Spesso in sede di consegna, il cliente chiede se esistano attività per le quali è sconsigliato
l’uso delle lenti a contatto. Per rispondere adeguatamente ricordiamo non esistono attività di
vita quotidiana o sportive (anche violente) che non possano essere fatte con le lenti a
contatto morbide indossate. Sono necessarie solo alcune precauzioni: nella vita lavorativa
quotidiana, se possibile, è bene evitare gli ambienti eccessivamente secchi (es. regolazioni
esagerate dell’aria condizionata in estate e dei caloriferi in inverno); nella pratica del nuoto
è bene indossare sopra le lenti a contatto degli occhialini protettivi o la maschera al fine di
evitare il contatto tra l’acqua delle piscine o del mare con le lenti indossate.
Lezioni di Contattologia- E. Bottegal
132
La vendita al banco su prescrizione esterna.

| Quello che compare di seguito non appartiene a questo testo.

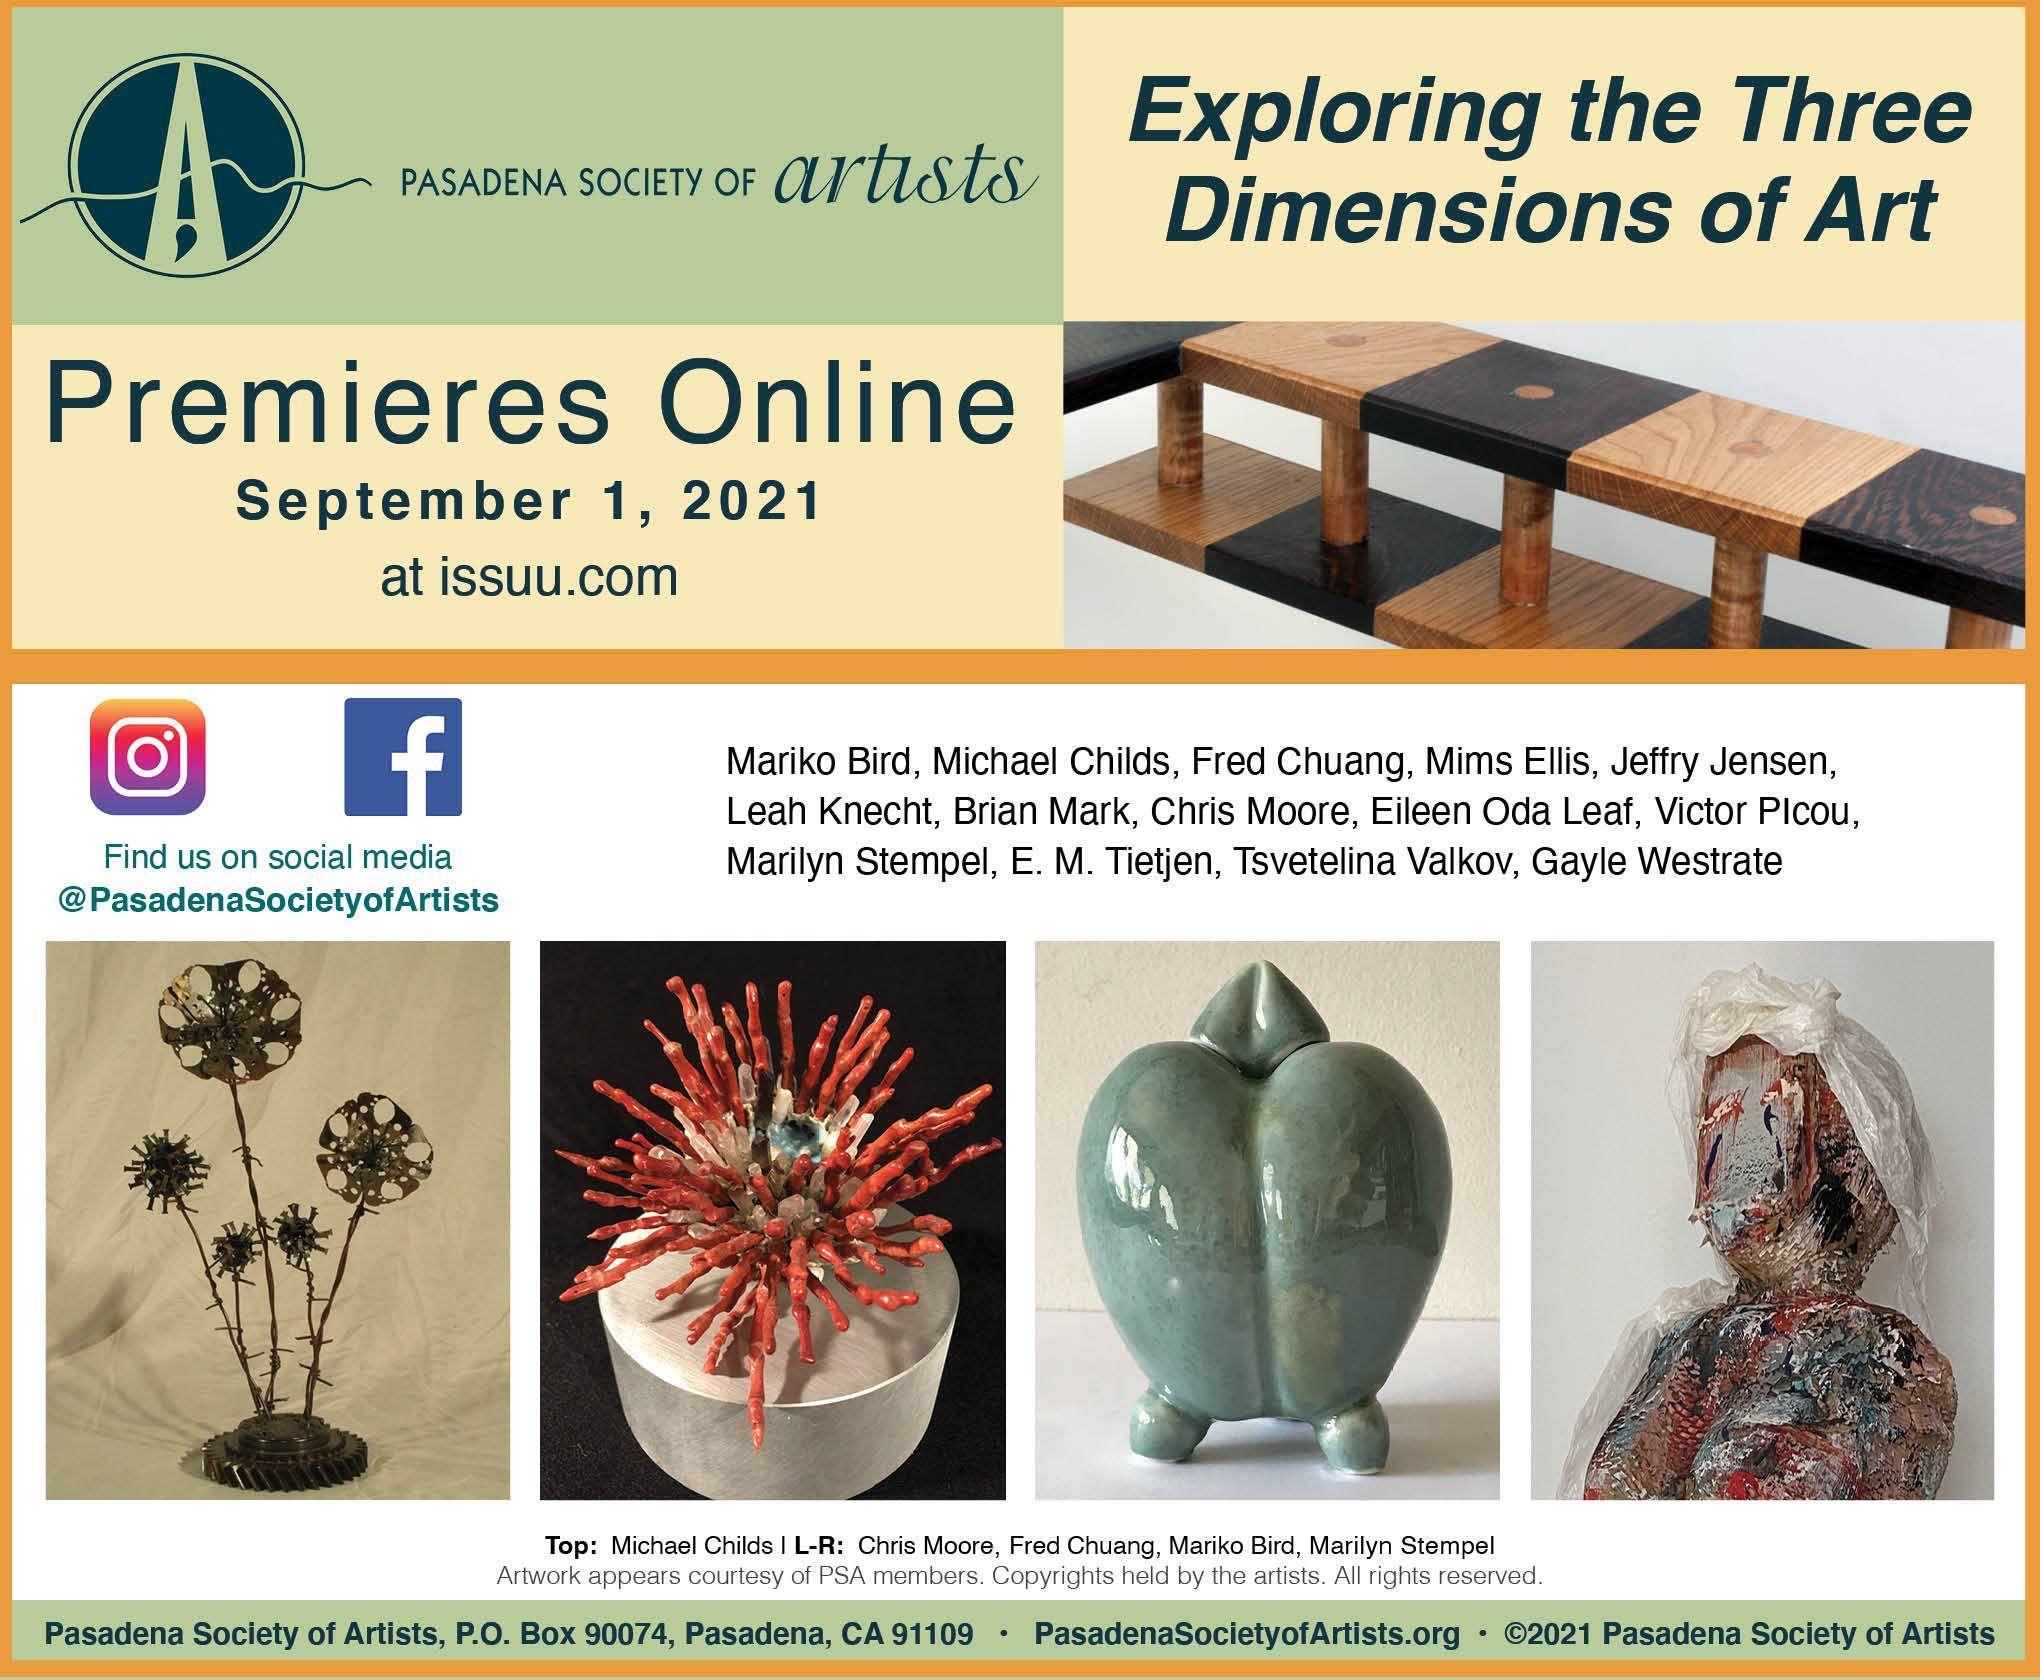 Exploring the Three Dimensions of Art

Un abituale utilizzatore di lenti a contatto morbide può presentarsi nel punto vendita munito
di una nuova prescrizione oculistica per acquistare delle nuove lenti aggiornate con la nuova
gradazione prescritta. Nella norma, ma è sempre meglio informarsi, gli oculisti visitano i loro
pazienti senza le lenti applicate. Pertanto la gradazione riportata nella prescrizione si riferisce ad
occhiali da vista e non a lenti a contatto. Il problema che si pone è saper interpretare tale
prescrizione e consegnare lenti a contatto del potere esatto. La regola è la seguente:
Prescrizioni senza astigmatismo di tipo negativo (miopia):
da sf. -0.25 a sf.-3.75 nessuna modifica
da sf.-4.00 a sf. -5.75 ridurre le lenti a contatto di 0.25
da sf.-6.00 a sf. -7.75 ridurre le lenti a contatto di 0.50
da sf.- 8.00 a sf.- 9.75 ridurre le lenti a contatto di 0.75
Prescrizioni senza astigmatismo di tipo positivo (ipermetropia):
L’ordine quantitativo di modifica è identico al precedente. Ma in questo caso non si opera in
riduzione, ma bensì in aumento di potere.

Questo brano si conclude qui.